Максимилиан сообщает своим людям, что хочет присутствовать любой ценой, даже если во время этого путешествия ему придется распроститься с жизнью. Пророческие слова. Императорский обоз едет вниз по Дунаю, погода стоит плохая, настроение у императора не лучше. Он признается своим советникам, что он, наверное, никуда бы не поехал, если бы не нашел в себе силы для путешествия сейчас. Он чувствует себя плохо, все слабее и слабее. 25 июня он открывает работу рейхстага, после нескольких вступительных речей сам берет слово. Он производит на слушателей огромное впечатление силой слов, которыми описывает турецкую угрозу, она все ближе и все ужаснее. Нужно прийти к соглашению, чтобы не оказалось сломленным все христианство. Непосредственно после этого начинаются переговоры между князьями-протестантами и католиками, а также папскими легатами. То были долгие, коварные и утомительные дебаты. Максимилиан кажется очень усталым, воздух Регенсбурга не идет ему на пользу, жалуется он, и хочется вернуться в Вену.
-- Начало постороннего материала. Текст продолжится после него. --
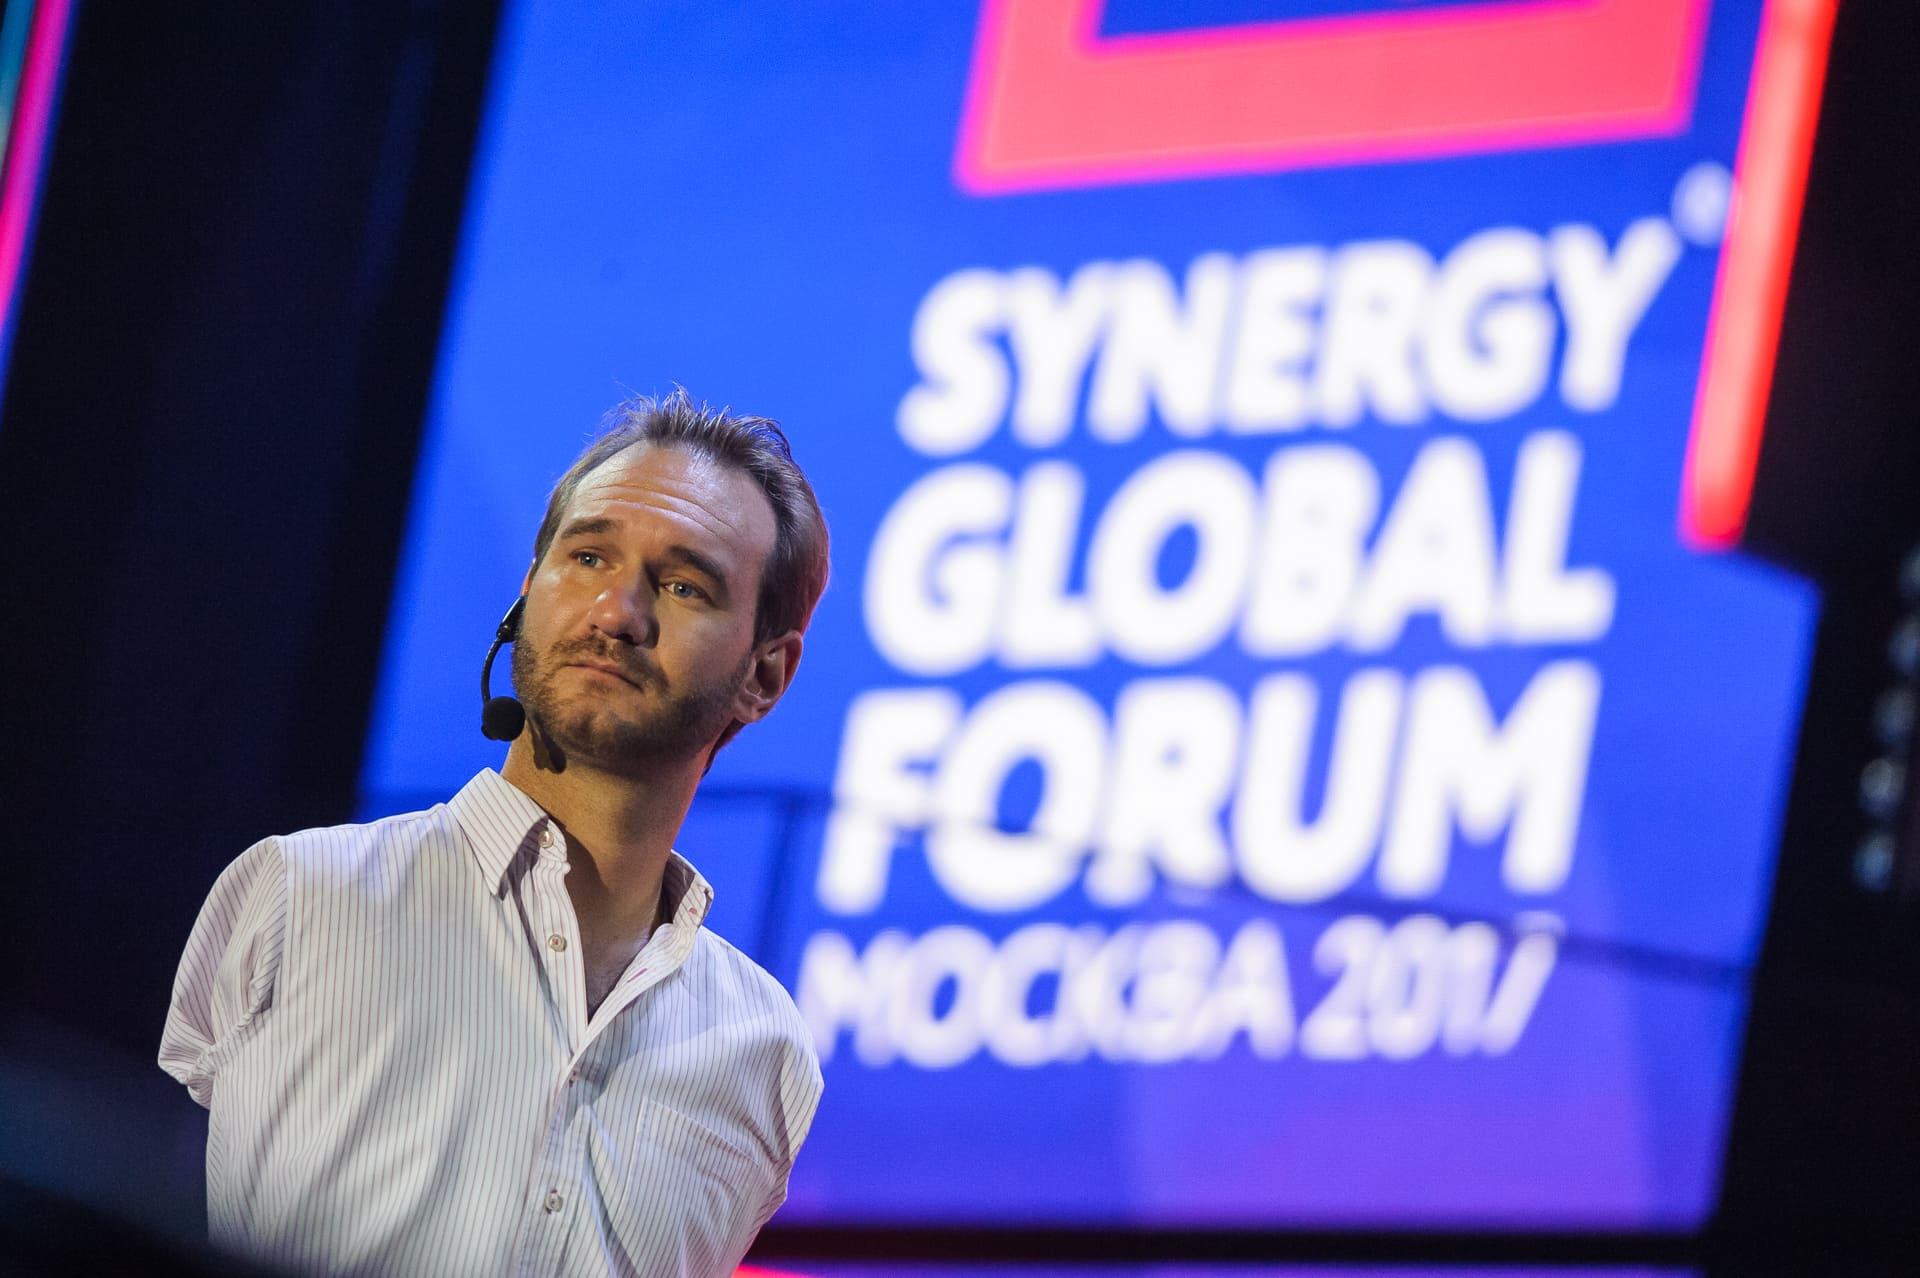 На бизнес-форуме «Синергии» Synergy Global Forum в Москве выступил известный мотивационный спикер Ник Вуйчич

В конце июля у него неожиданно появляется геморрой. Август проходит без проблем, однако в ночь с 29 на 30 у него обостряется мочекаменная болезнь, сопровождаемая ускоренным сердцебиением, и продолжается эта болезнь аж до 5 сентября. В этот день он с сильными болями выталкивает из себя камень величиной с оливковую косточку.

– Впрочем, 5 сентября – это судьбоносная дата для Максимилиана, господин мастер. Если вы помните, я вам рассказывал: именно в этот день десять лет назад умер Сулейман, а Максимилиан не узнал об этом. И в последующие дни он потерпел военное поражение от турок, что навеки разрушило его авторитет.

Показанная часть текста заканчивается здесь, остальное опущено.